Reputation: 123
I'm looking for a package/way to automatize web browsing. For example, I have these results of the search (sorry for Russian): http://www.consultant.ru/search/?q=N+145-%D0%A4%D0%97+%D0%BE%D1%82+31.07.1998
I want to retrieve a value of the variable “item.n” (line 399) from python? It looks like it’s an internal variable of the Javascript function “onSearchLoaded” but if you put the mouse pointer on the result of the search you will see that n=160111 - that’s the value of item.n I’m trying to get What are the packages in python that could help me to do that?
Upvotes: 1
Views: 88
Reputation:
You don't have to extract the javascript variable itself, just where it uses that variable. In this case it is placed in the href of the results back from the search.
There a bunch of different libraries you can use for automation. It depends on the level of automation you wish to see. In my case, I prefer to use selenium for these types of automation. Couple that with the core python module regex and you can create a basic example.

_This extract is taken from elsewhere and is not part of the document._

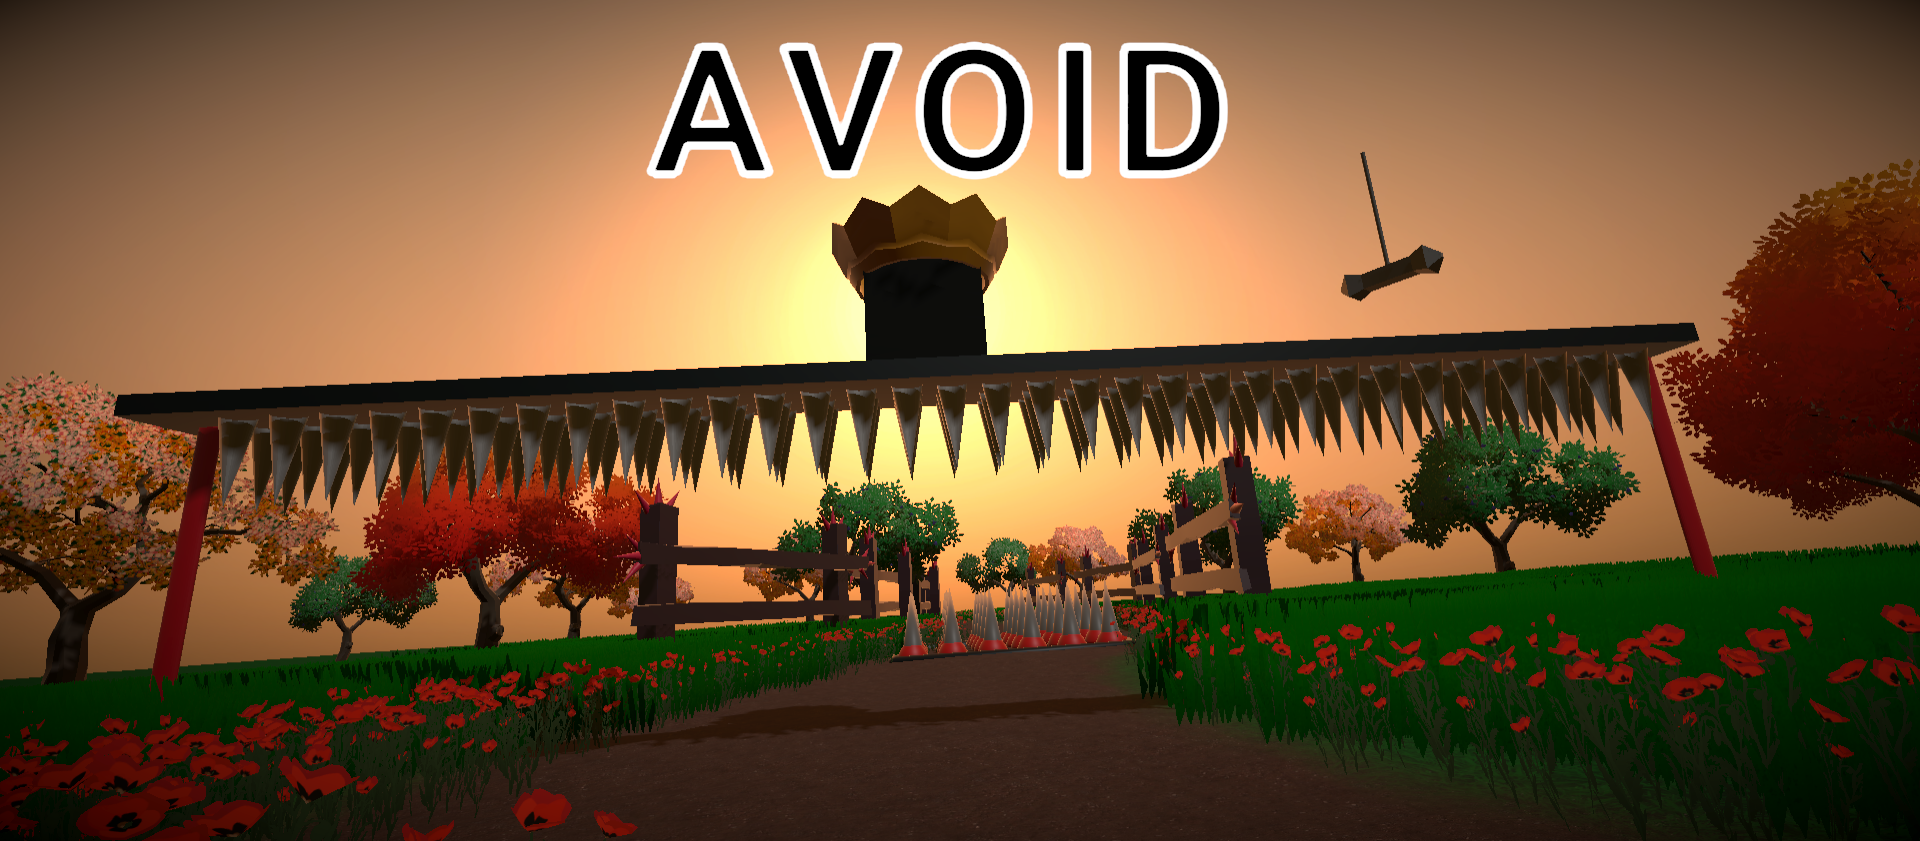 Avoid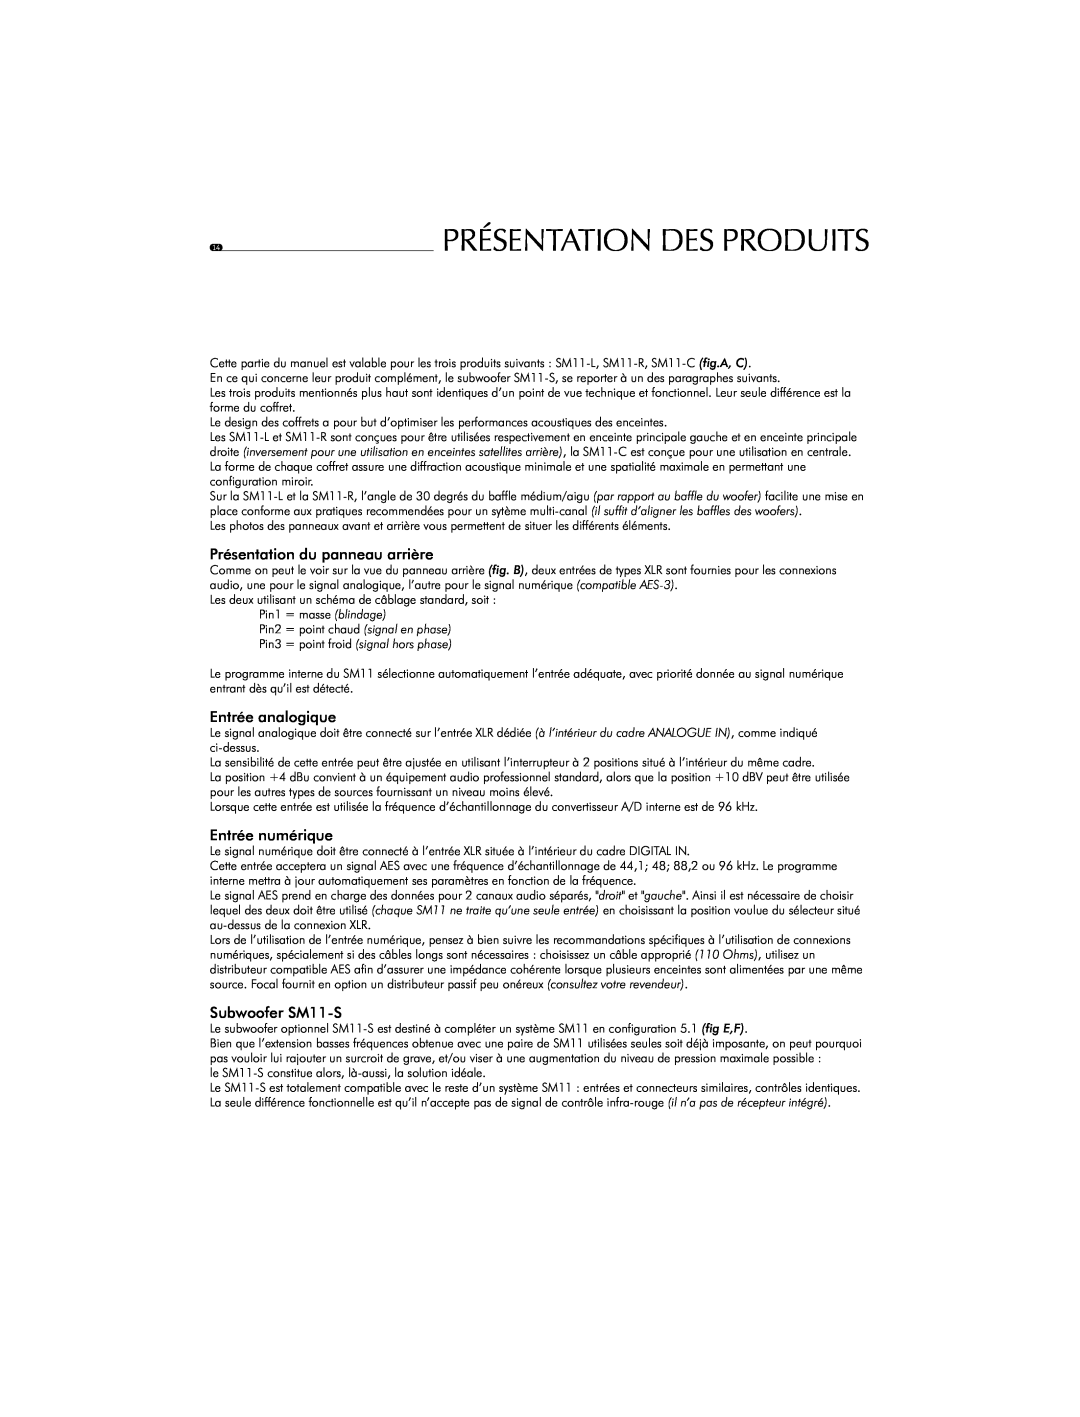 Focal SM11 user manual Présentation Des Produits, Présentation du panneau arrière, Entrée analogique, Entrée numérique

I was able to write a quick mockup using selenium:
from selenium import webdriver
import re
url = "http://www.consultant.ru/search/?q=N+145-%D0%A4%D0%97+%D0%BE%D1%82+31.07.1998"
pattern = re.compile("n=(\d+)")
xpath = '//div[@id = "baseSrch"]//a'
browser = webdriver.Firefox()
page = browser.get(url)
elements = browser.find_elements_by_xpath(xpath)
browser.close()
for element in elements:
match = re.search(pattern, element.get_attribute("href"))
if match:
print match.group(1)
Which yields:
160111
However this isn't the only way, you could also substitute this with urllib, requests, lxml, etc.. There are a bunch of different methods with which you can extract the information.
Upvotes: 2